Road Rash pre-alpha on Jaguar at 30 fps

ZylonBane · May 15, 2017

Are you going to use procedural texturing?

Do you even know what that means?

Edited May 15, 2017 by ZylonBane

+CyranoJ · May 15, 2017

Do you even know what that means?

It's like in Yars Revenge where you point the bitmap at the code

JagChris · May 15, 2017

Do you even know what that means?

I sure as hell have no idea what Zylonbane means Edited May 15, 2017 by JagChris

VladR · May 15, 2017

I sure as hell have no idea what Zylonbane means

He's not aware of our procedural texturing discussion for Doom3-style engine on Jaguar, that we had on jaguar64.eu about a year or so ago.

But, to answer your question, I have applied the Doom3-style proc.texturing design to texturing of RoadRash's buildings (about a year ago) and I have a detailed break-down of how to "compress" a 256x256 (64 KB) texture into 2 KB in cache via procedural texturing. Now, I could indeed go and implement it, though it's without a question, a complex endeavor.

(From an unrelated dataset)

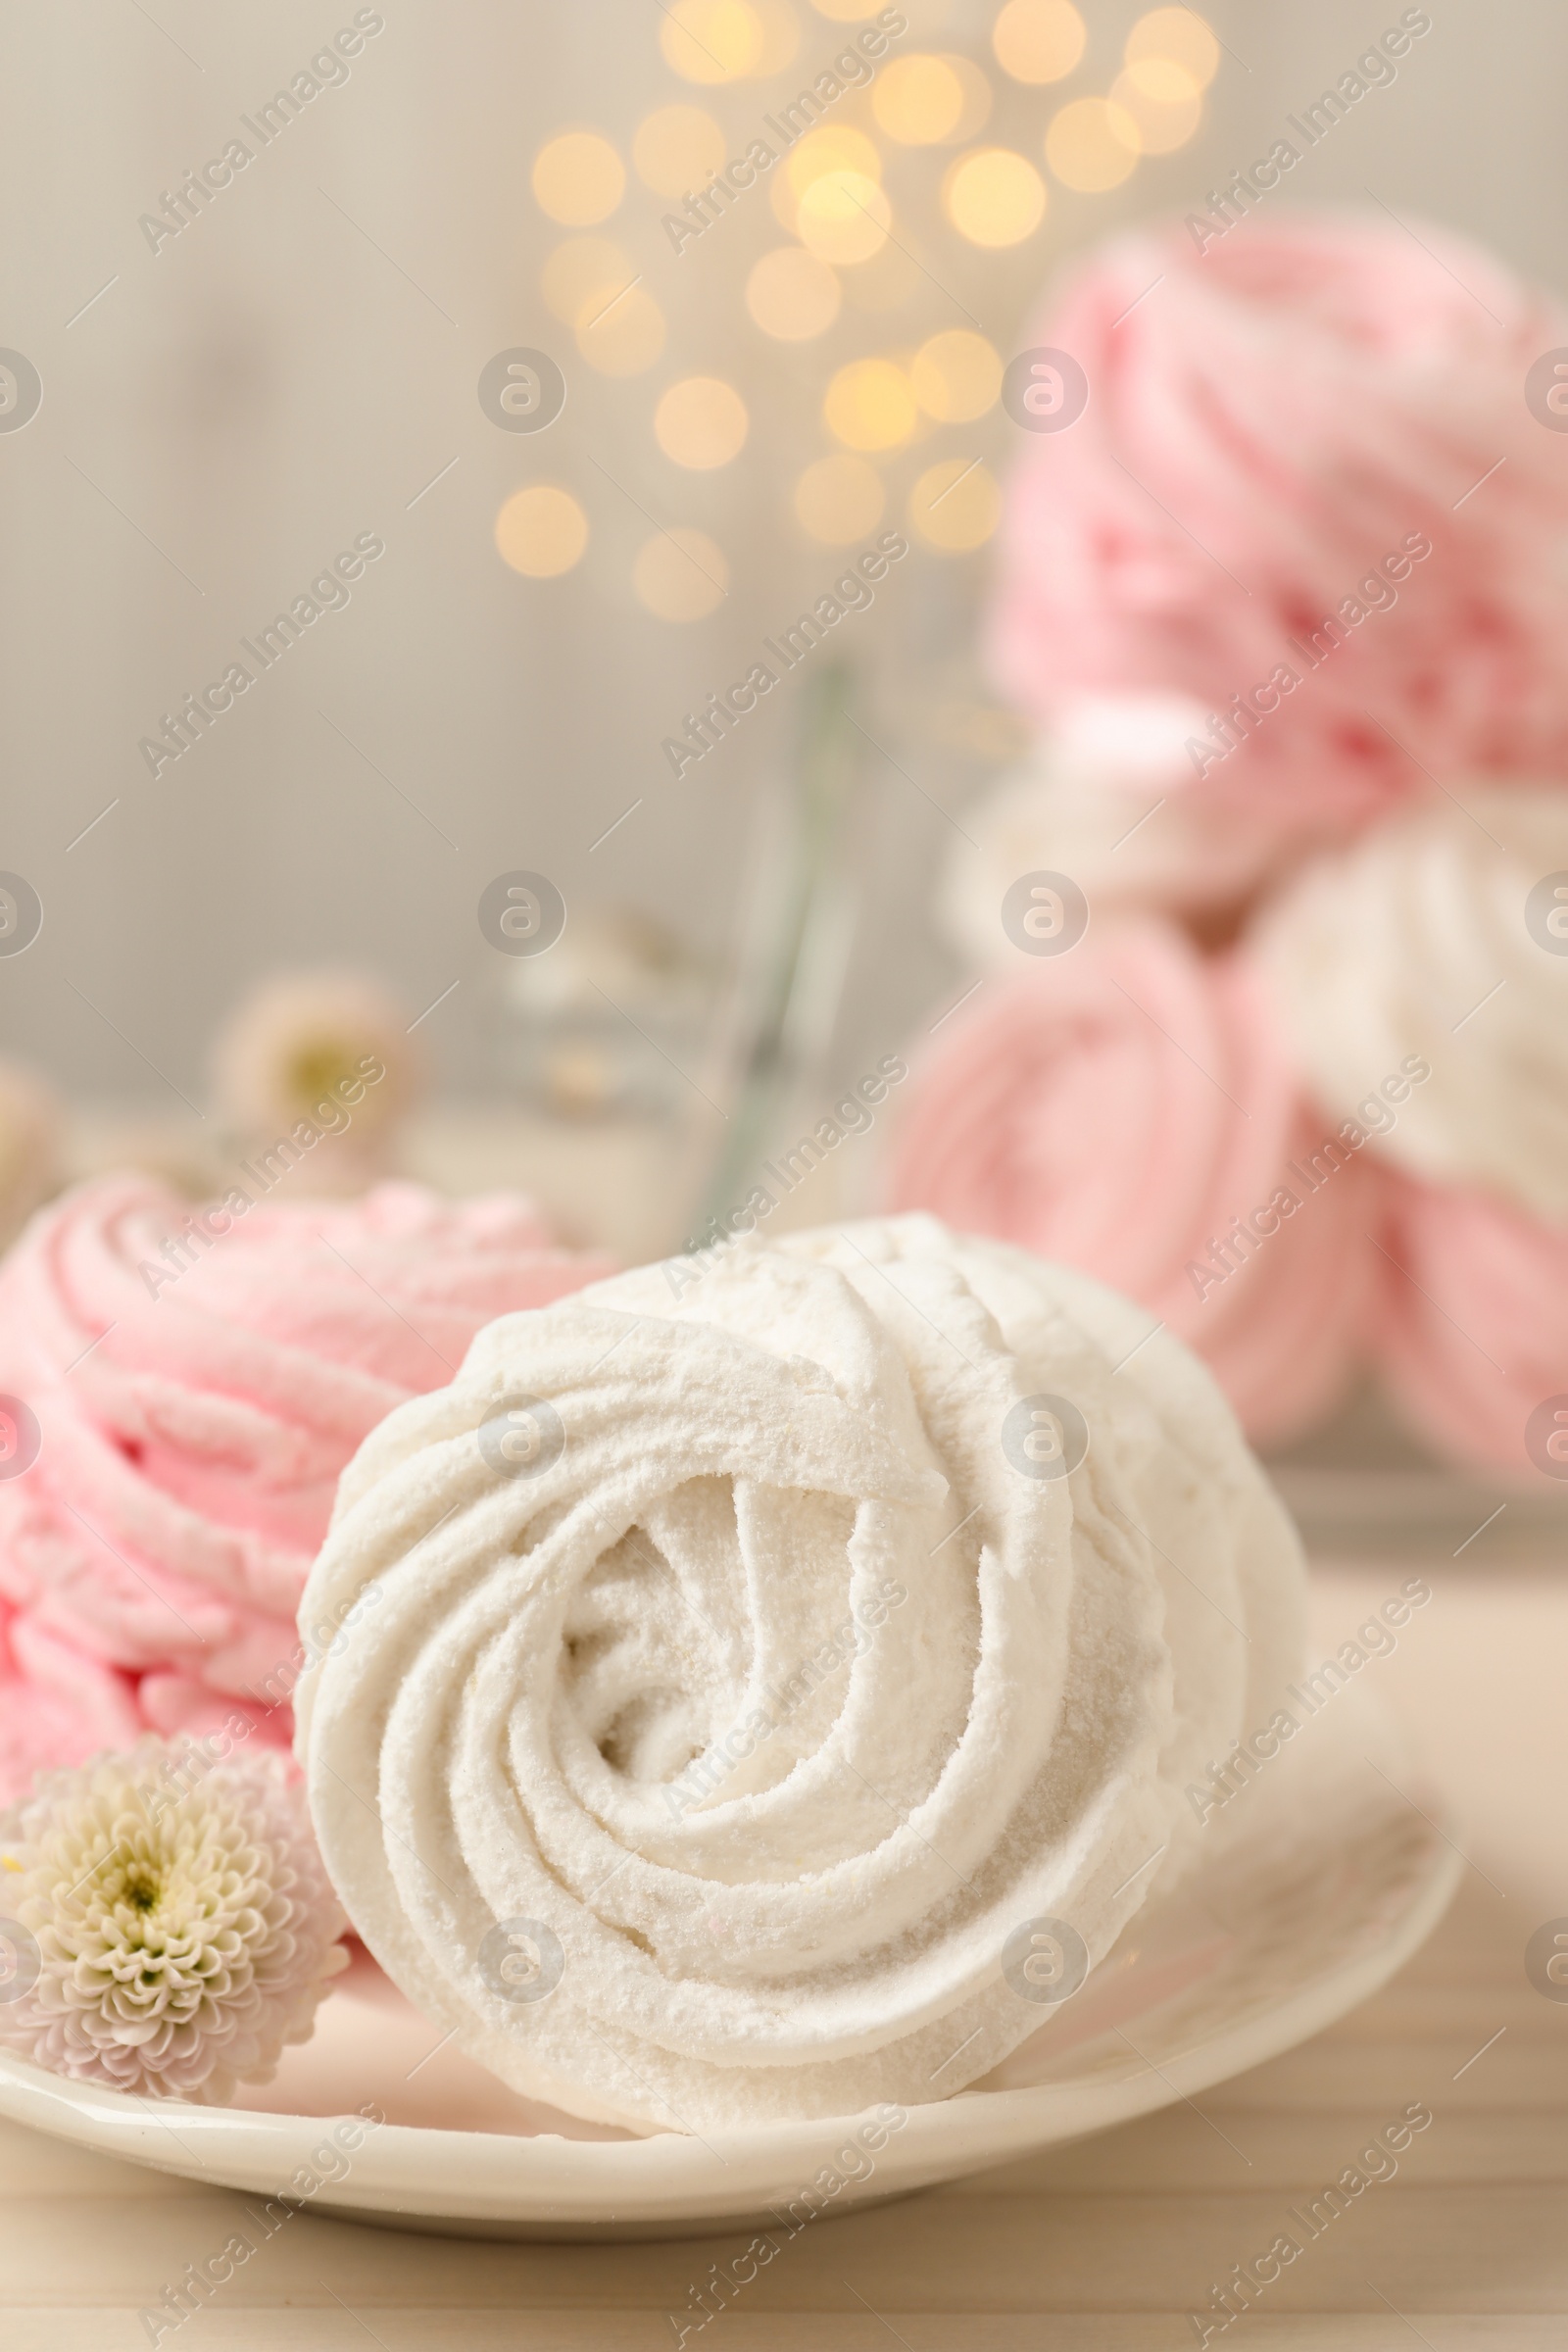 Photo of Delicious marshmallows on wooden table against blurred lights, closeup

But, the landscape has just changed. The Blitter-GPU combo is indeed proving a bit more powerful for texturing than my initial benchmarking few months ago hinted. Reason ? Even on a slow 68000, I could do 95 phrase-aligned transfers of a 2 KB block, per vblank.

So, even without this transfer being faster on GPU (which it will be), it's taking ~1/100 to transfer another texture. Now, on 68000, you were stuck, as Blitter was hitting RAM like crazy, and CPU did not move very much further, but on GPU the code continued to run without a hitch (or so it seemed), so you can just move the sync point down the engine chain and use the time (it was (30-21) = 9/100 , I believe - check scenario 6 in my yesterday's post) for something else (e.g. lighting, or whatever else). You probably see now what's the question, right ?

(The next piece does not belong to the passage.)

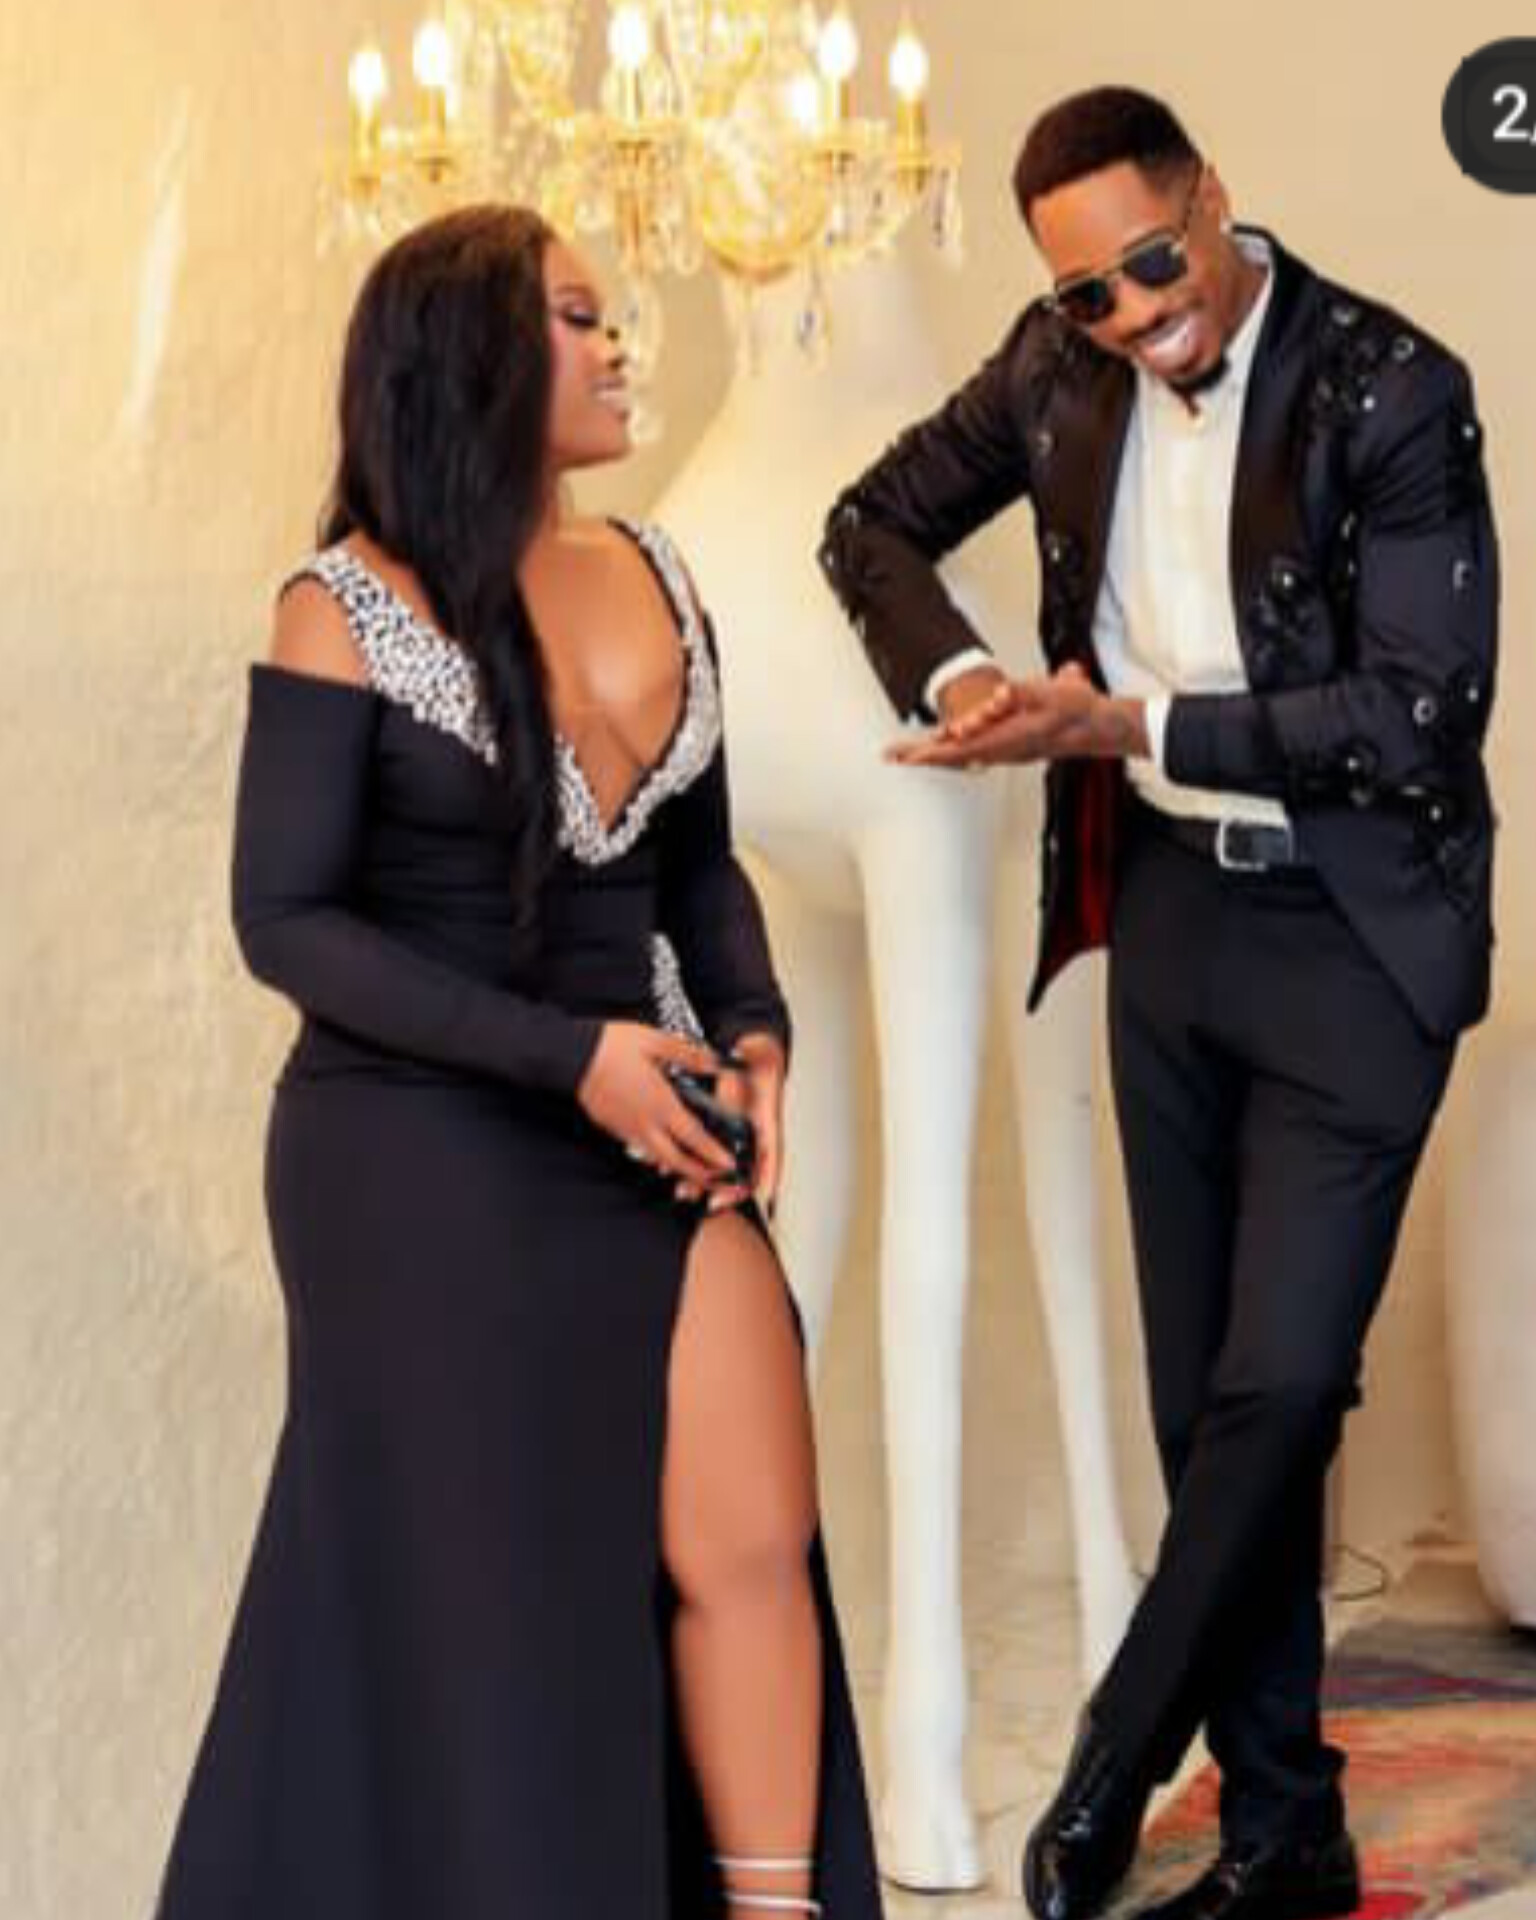 "You Won't Find Loyal And High Quality Women On Dating Apps" – BBNaija Ike Writes As He Shares Picture With Ceec

Can I create the 2 KB texture on GPU faster than in 1/100 of a vblank? I don't think so, right now, but it's kinda doubtful. Besides, even if I could, the underlying code won't hold anything else, so another paging would have to occur right after this stage - which might defeat the whole purpose, in the first place.

So, more benchmark data is needed now.

Complexity-wise, it's much, much harder to implement procedural texturing on GPU than a simple brute-force for-loop:

for (int UniqueBuildingTextureID = 0; UniqueBuildingTextureID < MAX_TEXTURES_PER_FRAME; UniqueBuildingTextureID++)
{
  Copy_Via_Blitter (UniqueBuildingTextureID);
  Render_All_Buildings (UniqueBuildingTextureID)
}

I'll gladly "sacrifice" 5% of vblank time to have 5 different textures for buildings at any given time (e.g. a total number of unique texture can be 200, it's just how many are in same frame) if it saves me so much work.

VladR · May 15, 2017

Thinking about this some more reveals obvious applications of the latest optimizations even for 2D racing games:

- since it takes 30% of vblank to texture the road, I can raise the resolution to 512x200 and still keep 60 fps

- 1024x200 should still run at around 30 fps, theoretically (depending on OP's impact on the bus)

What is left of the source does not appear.